Nuclear translocation of IRF-3 can be triggered within MeV-induced syncytia. (A) Nuclear translocation of GFP-IRF-3 within syncytia of 293T/CD46⁺ cells infected by MeV at an MOI of 1. Microphotographs (magnification, ×400) show morphology (top panels), Hoechst-labeled nuclei (middle panels), and GFP-IRF-3-labeled nuclei (bottom panels) at 30 h p.i. Micrographs of uninfected cells (mock) and cells infected with MeV in the absence (MeV) or the presence (10 μg/ml) (MeV + FIP) of FIP are shown.
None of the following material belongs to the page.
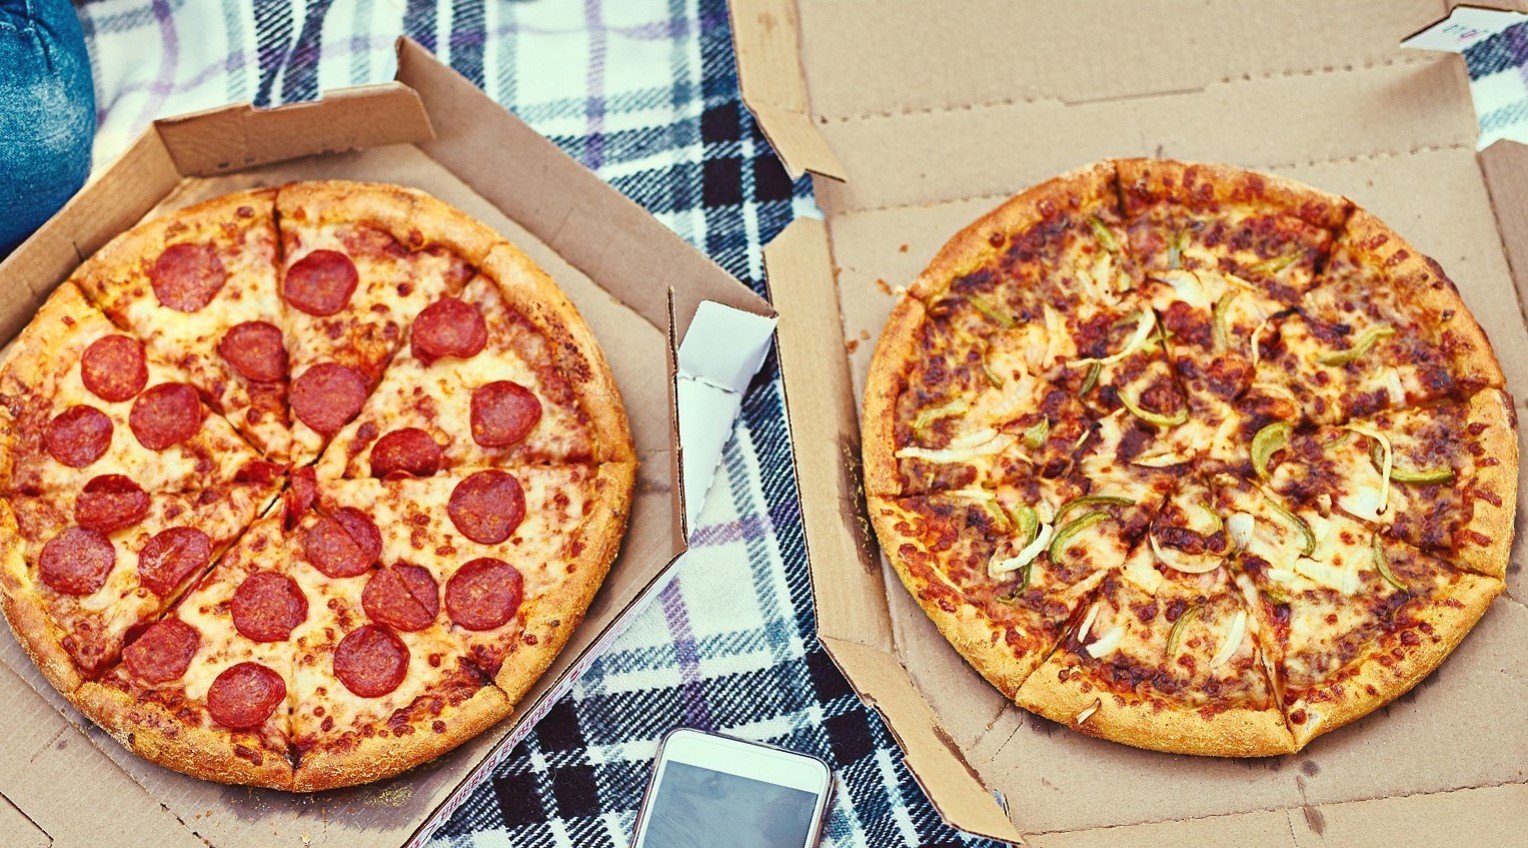 Man bought two pizzas with Bitcoin 13 years ago, now valued at a staggering $437 Million 1
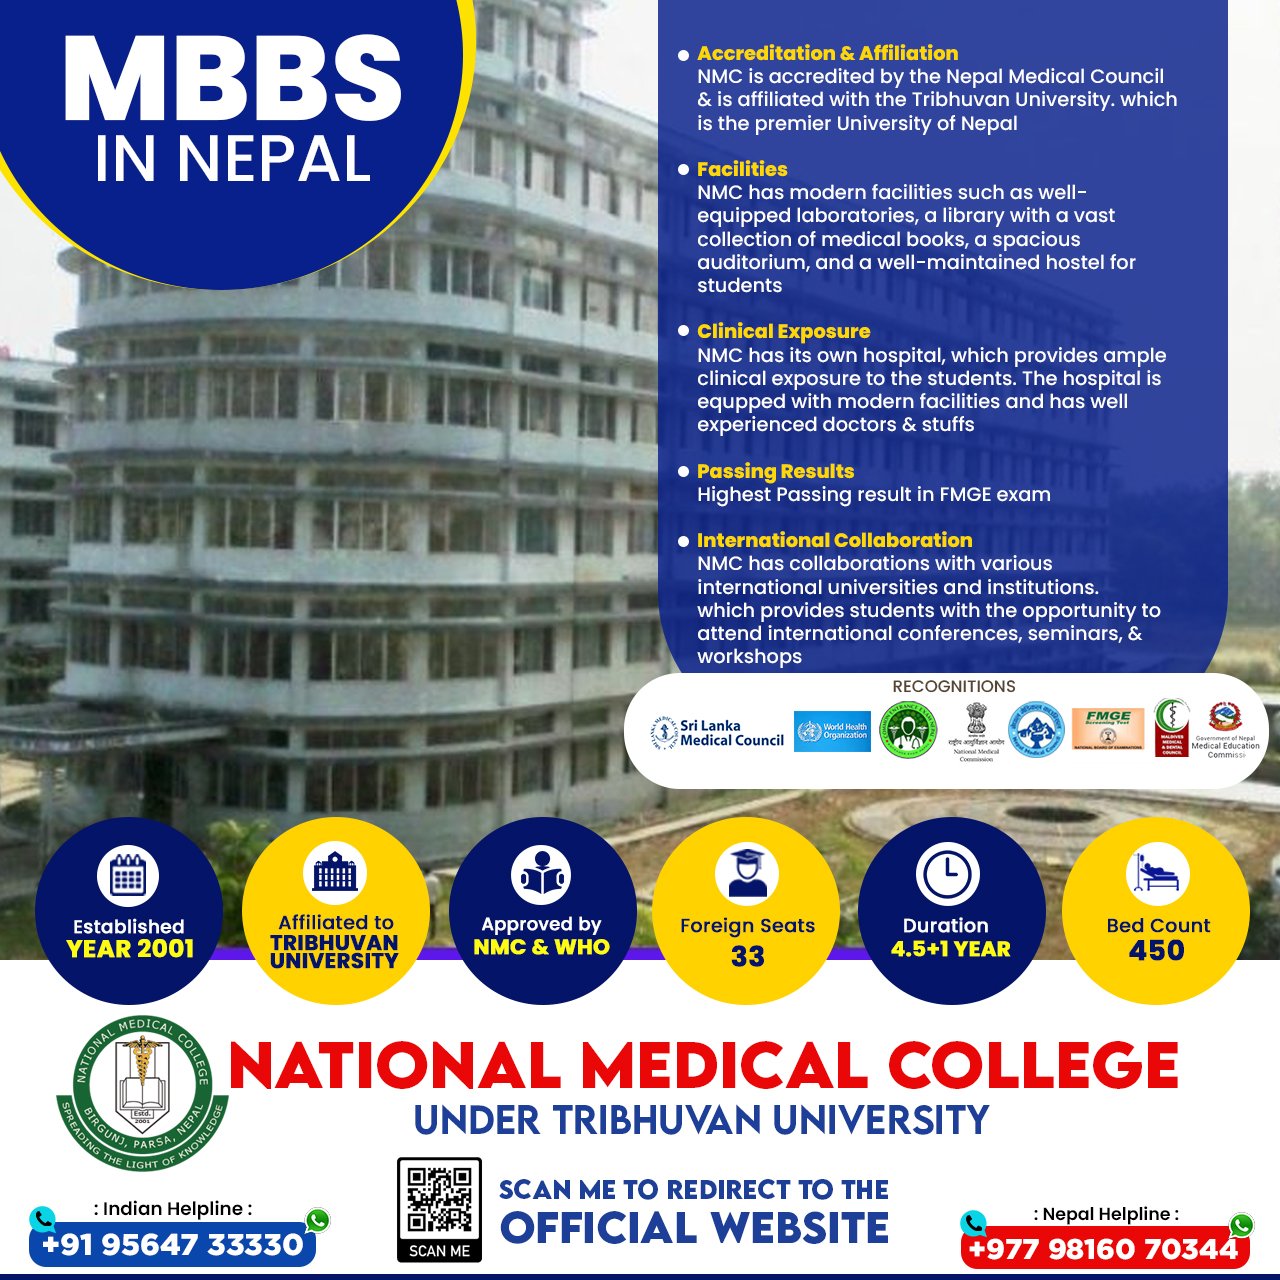 mbbs-in-nepal-at-national-medical-college-nepal-under-tribhuvan-university

Data are from one representative experiment out of four. (B) Three-color overlays of confocal images showing the distribution of GFP-IRF-3 (green), N (red), and nuclei (Draq5) (blue) in 293T/CD46⁺ cells infected or not infected with MeV at an MOI of 0.1 in the presence or absence of FIP and transfected with GFP-IRF-3. Syncytium images were taken at three morphological stages, flat adherent, retracting, and smooth ball, respectively. The whole set of one-color images used to build the overlays is shown in supplemental data at hal.archives-ouvertes.fr/hal-00169132. (C) Nuclear localization of endogenous IRF-3 in MGC derived from MeV-infected mDC. mDC were mock treated (left) (magnification, ×630) or infected with MeV at an MOI of 0.1 in the absence (middle) (magnification, ×400) or the presence (right) (magnification, ×630) of FIP (100 μg/ml). At 3 days p.i., mDC cultures were stained with anti-IRF-3 (green) (left) and with nucleus stain (Hoechst 33343) (blue). Cells were analyzed with an Axioplan microscope.